### GOAL OF THE EXERCISE
Give back only the lines in the records below from the one with "Fotografie: Maßzeichnung unbekannter" to the one with "Раскраска Горсть воздушных", both inclusive, word for word.

# # # #

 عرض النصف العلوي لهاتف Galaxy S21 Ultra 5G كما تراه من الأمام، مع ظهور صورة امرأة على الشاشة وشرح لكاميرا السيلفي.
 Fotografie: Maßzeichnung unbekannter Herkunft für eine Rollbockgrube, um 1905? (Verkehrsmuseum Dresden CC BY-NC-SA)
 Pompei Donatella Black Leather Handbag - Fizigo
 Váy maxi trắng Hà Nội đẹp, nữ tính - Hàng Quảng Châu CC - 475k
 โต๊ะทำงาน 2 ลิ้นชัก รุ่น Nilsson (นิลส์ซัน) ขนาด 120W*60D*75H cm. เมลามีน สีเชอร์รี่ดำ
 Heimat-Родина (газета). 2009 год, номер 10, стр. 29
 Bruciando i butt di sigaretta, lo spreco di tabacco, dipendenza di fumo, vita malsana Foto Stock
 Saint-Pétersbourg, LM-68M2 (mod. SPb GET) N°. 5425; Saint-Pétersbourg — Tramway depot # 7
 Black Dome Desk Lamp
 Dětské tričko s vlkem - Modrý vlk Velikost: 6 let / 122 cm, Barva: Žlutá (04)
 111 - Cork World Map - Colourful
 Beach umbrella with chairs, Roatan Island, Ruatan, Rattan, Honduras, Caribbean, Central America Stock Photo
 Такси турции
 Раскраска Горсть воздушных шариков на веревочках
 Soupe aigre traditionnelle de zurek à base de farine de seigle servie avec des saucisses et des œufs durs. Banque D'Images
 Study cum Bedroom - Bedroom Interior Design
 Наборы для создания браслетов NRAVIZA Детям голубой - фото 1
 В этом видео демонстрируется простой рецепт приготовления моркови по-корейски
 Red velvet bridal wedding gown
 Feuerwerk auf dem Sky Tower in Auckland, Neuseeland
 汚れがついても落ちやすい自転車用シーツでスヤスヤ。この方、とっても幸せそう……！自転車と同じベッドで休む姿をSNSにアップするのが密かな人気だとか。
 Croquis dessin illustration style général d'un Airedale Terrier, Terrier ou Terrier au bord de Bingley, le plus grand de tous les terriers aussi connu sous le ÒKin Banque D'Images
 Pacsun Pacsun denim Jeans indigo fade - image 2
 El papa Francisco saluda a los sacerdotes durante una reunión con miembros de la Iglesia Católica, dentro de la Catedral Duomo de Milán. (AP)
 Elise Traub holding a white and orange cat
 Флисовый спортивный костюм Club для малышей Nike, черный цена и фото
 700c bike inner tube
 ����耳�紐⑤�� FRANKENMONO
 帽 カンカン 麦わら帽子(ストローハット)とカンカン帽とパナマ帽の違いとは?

# # # #

### RESPONSE TO THE TASK
 Fotografie: Maßzeichnung unbekannter Herkunft für eine Rollbockgrube, um 1905? (Verkehrsmuseum Dresden CC BY-NC-SA)
 Pompei Donatella Black Leather Handbag - Fizigo
 Váy maxi trắng Hà Nội đẹp, nữ tính - Hàng Quảng Châu CC - 475k
 โต๊ะทำงาน 2 ลิ้นชัก รุ่น Nilsson (นิลส์ซัน) ขนาด 120W*60D*75H cm. เมลามีน สีเชอร์รี่ดำ
 Heimat-Родина (газета). 2009 год, номер 10, стр. 29
 Bruciando i butt di sigaretta, lo spreco di tabacco, dipendenza di fumo, vita malsana Foto Stock
 Saint-Pétersbourg, LM-68M2 (mod. SPb GET) N°. 5425; Saint-Pétersbourg — Tramway depot # 7
 Black Dome Desk Lamp
 Dětské tričko s vlkem - Modrý vlk Velikost: 6 let / 122 cm, Barva: Žlutá (04)
 111 - Cork World Map - Colourful
 Beach umbrella with chairs, Roatan Island, Ruatan, Rattan, Honduras, Caribbean, Central America Stock Photo
 Такси турции
 Раскраска Горсть воздушных шариков на веревочках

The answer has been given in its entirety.